Князь вошел обратно, держа в руках три наконечника от стрел, бросил их на стол. Владимир Андреевич наклонился над ними, потом взглянул на брата.
– Татарские стрелы. Со свистульками.
– На этом Фома все и построил, – ответил Дмитрий и, подумав, добавил: – Нынче ночью князя Михайлу придется отпустить.
– А что же Фома затеял? – не утерпев, спросила княгиня.
– Вестимо, разбой! А я, Дуня, не стал ему перечить.
На следующее утро Фома, одетый в тяжелый боевой доспех, вышел на Ордынку и не торопясь пошел мимо ордынского подворья. Прошел. Ничего. Фома выругался, повернул обратно. Из–за тына стали выглядывать татары. Фома с явной дерзостью подошел еще ближе и, поворачиваясь другой раз, плюнул через плечо в сторону подворья. Тотчас с пронзительным свистом в Фому полетела стрела, угодила в щит. Фоме только того и нужно было, юркнул в ближайший переулок. Там он осторожно вытащил стрелу, привязал к ней клок пакли, пропитанной жиром, высек огонь, поджег и, выскочив на Ордынку, пустил горящую стрелу в крышу ордынского терема. Стрела впилась в дранку, горела. Задымилась крыша. Татары с криком полезли тушить пожар, а Фома был таков.
Час спустя все три посла поскакали в Кремль. Мчались они во весь опор. Народ шарахался в стороны. В руках у Карача обгорелая стрела. Ворота Кремля были открыты. Князь Дмитрий встретил послов на Красном крыльце. Грозно нахмурясь, послы прошли в палату. Там Карач бросил на стол стрелу и закричал, зачастил так, что переводчик едва успевал за ним.

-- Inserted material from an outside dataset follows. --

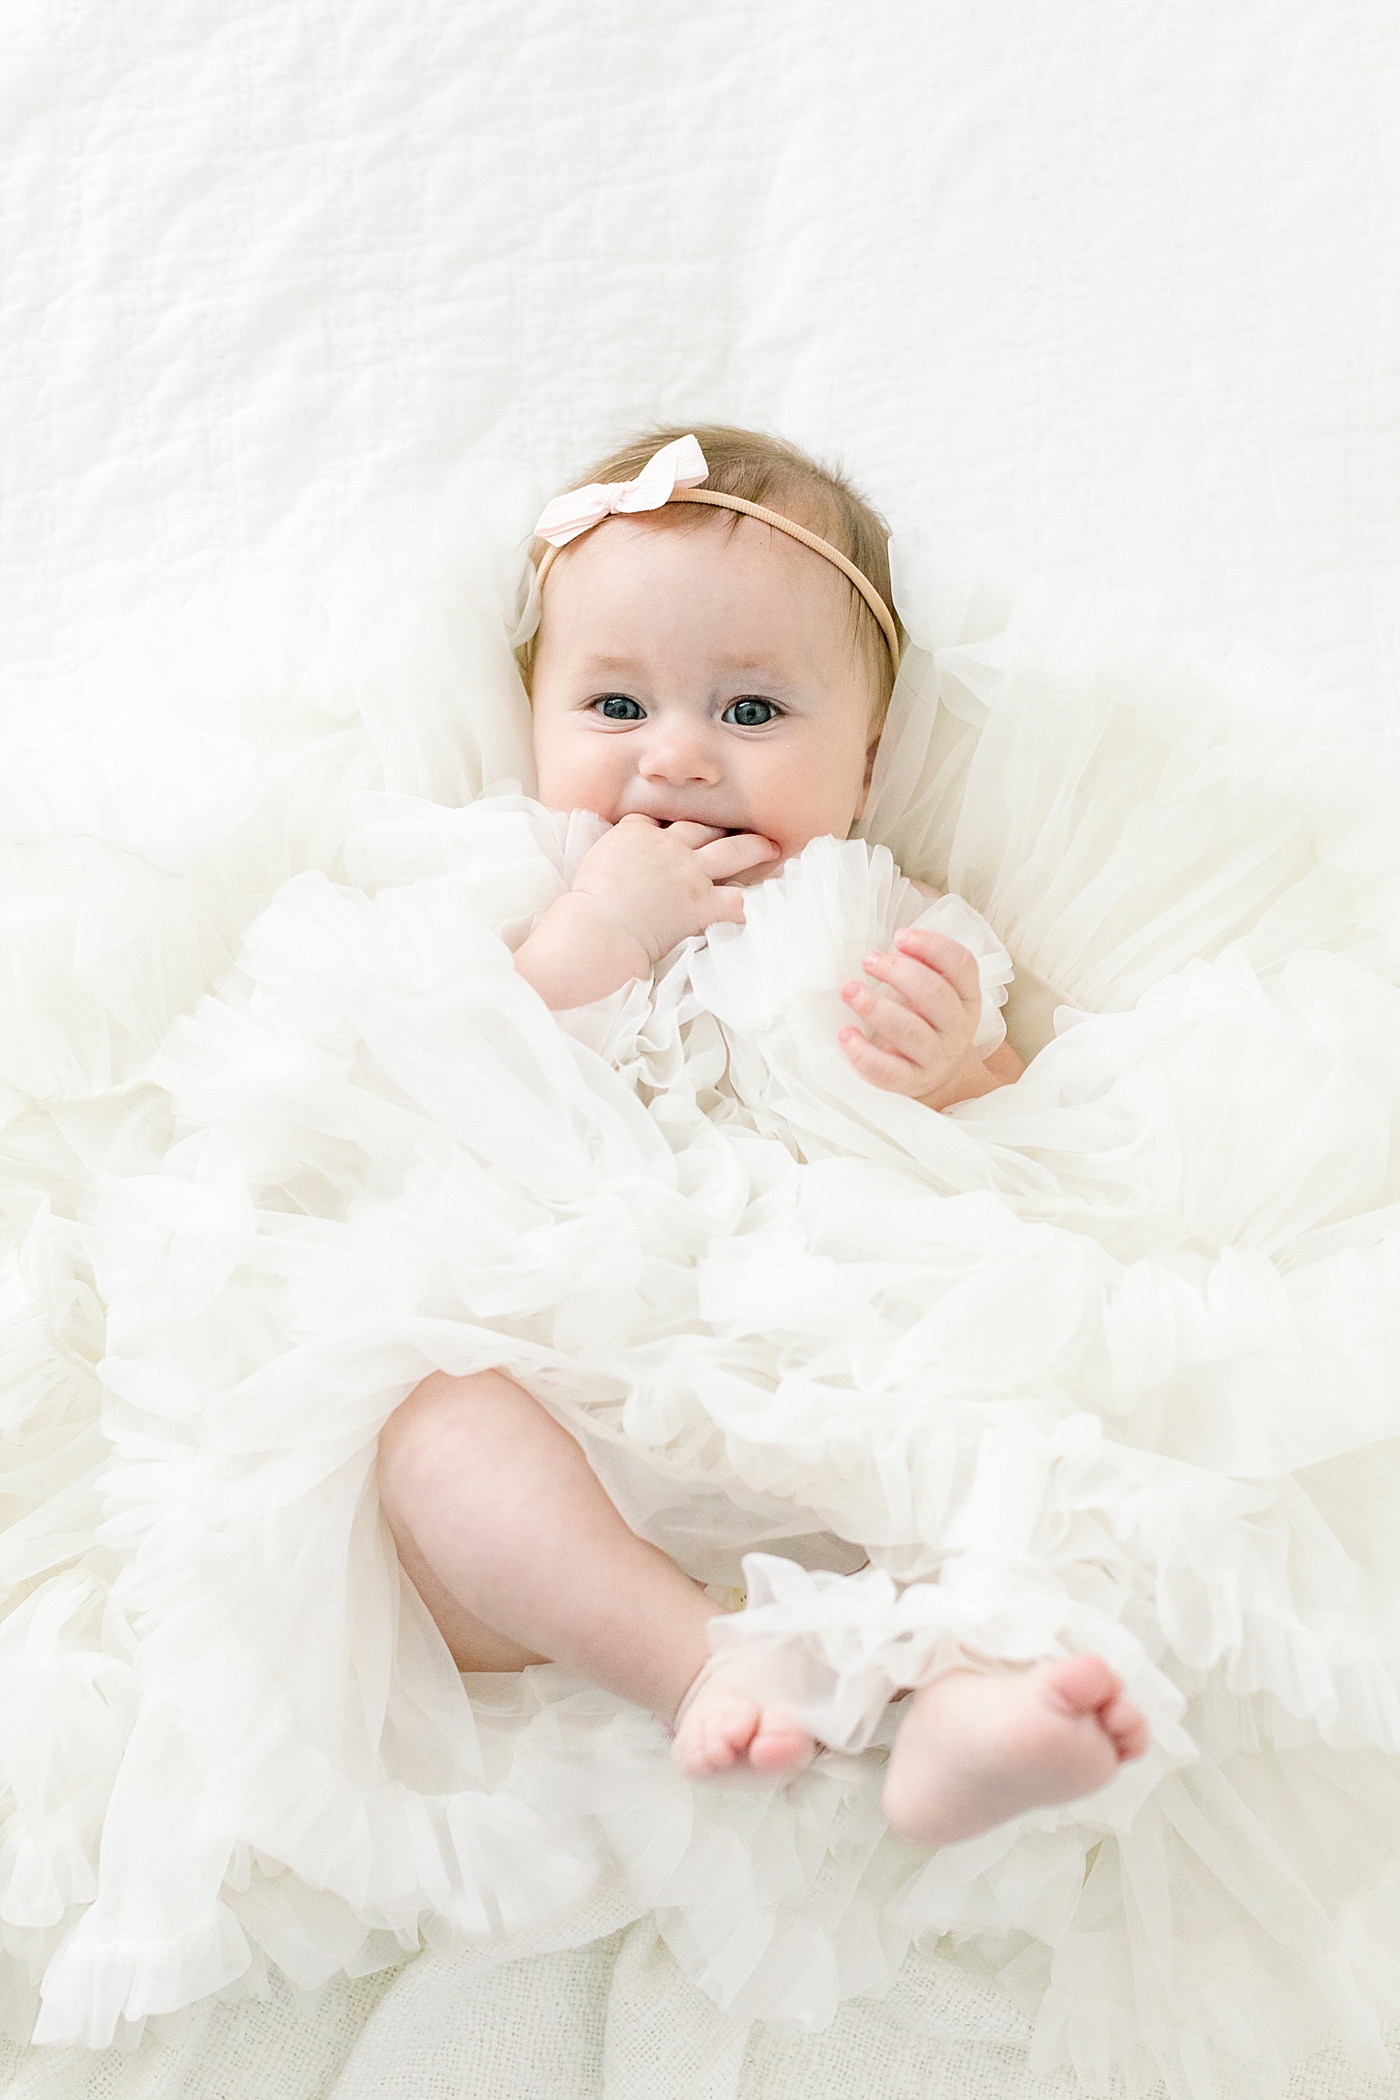 Baby girl in a pile of ruffles | image by Chrissy Winchester

Дмитрий взял в руки стрелу, в раздумье качал головой, показывая стрелу Владимиру, ткнул пальцем в наконечник, Потом прервал посла, который все не мог угомониться.
– Напрасно гневаешься на нас, посол. Поищи среди своих людей, кто хотел спалить ваш терем.
Все три посла закричали в один голос:
– Какие наши люди? Все видели чернобородого руса, пустившего стрелу.
– Не может того быть. – Дмитрий возражал твердо, без крика. – Смотрите, стрела свистящая, а всем ведомо, что эти стрелы делают в Орде. На Руси таких не сыщешь, мы свистом врагов не пугаем.
Карач понял, швырнул стрелу в сторону, сказал гневно:
– Что ждать от людей русских, когда сами князья козни строят.
Дмитрий ответил сурово:
– Попридержи язык, посол!
– Как бы не так! Тебе говорю! Про тебя говорю! Кто Михайла–князя в Москву заманил? Кто его в заточении держит? – не унялся посол.
Карач не видел, как чуть заметно улыбнулся Дмитрий Иванович:
– Ты ошибаешься, посол. Князь Михайло Александрович Тверской со бояры уехал восвояси.
Татарин в полном недоумении обвел всех глазами.
– Так было дело, – сказал Владимир Андреевич.
– Воинстину так, – подтвердил митрополит.
На том бы и кончить, но тут вылез вперед князь Еремей, не утерпел:
– Так, так! Князь Михайло из удела покойного князя Семена мне Городень [230]230
Городень – современная Старица Калининской (Тверской) области.
[Закрыть]выделил, ибо податься ему было некуда. Князь Михайло уезжал, весьма оскорбяся и негодуя наипаче на владыку Алексия, тот его крестным целованием крепил. Хочешь не хочешь… – Еремей поперхнулся, смолк, поморщился и зашептал Владимиру: – Одурел ты! На ноги наступаешь. Больно ведь!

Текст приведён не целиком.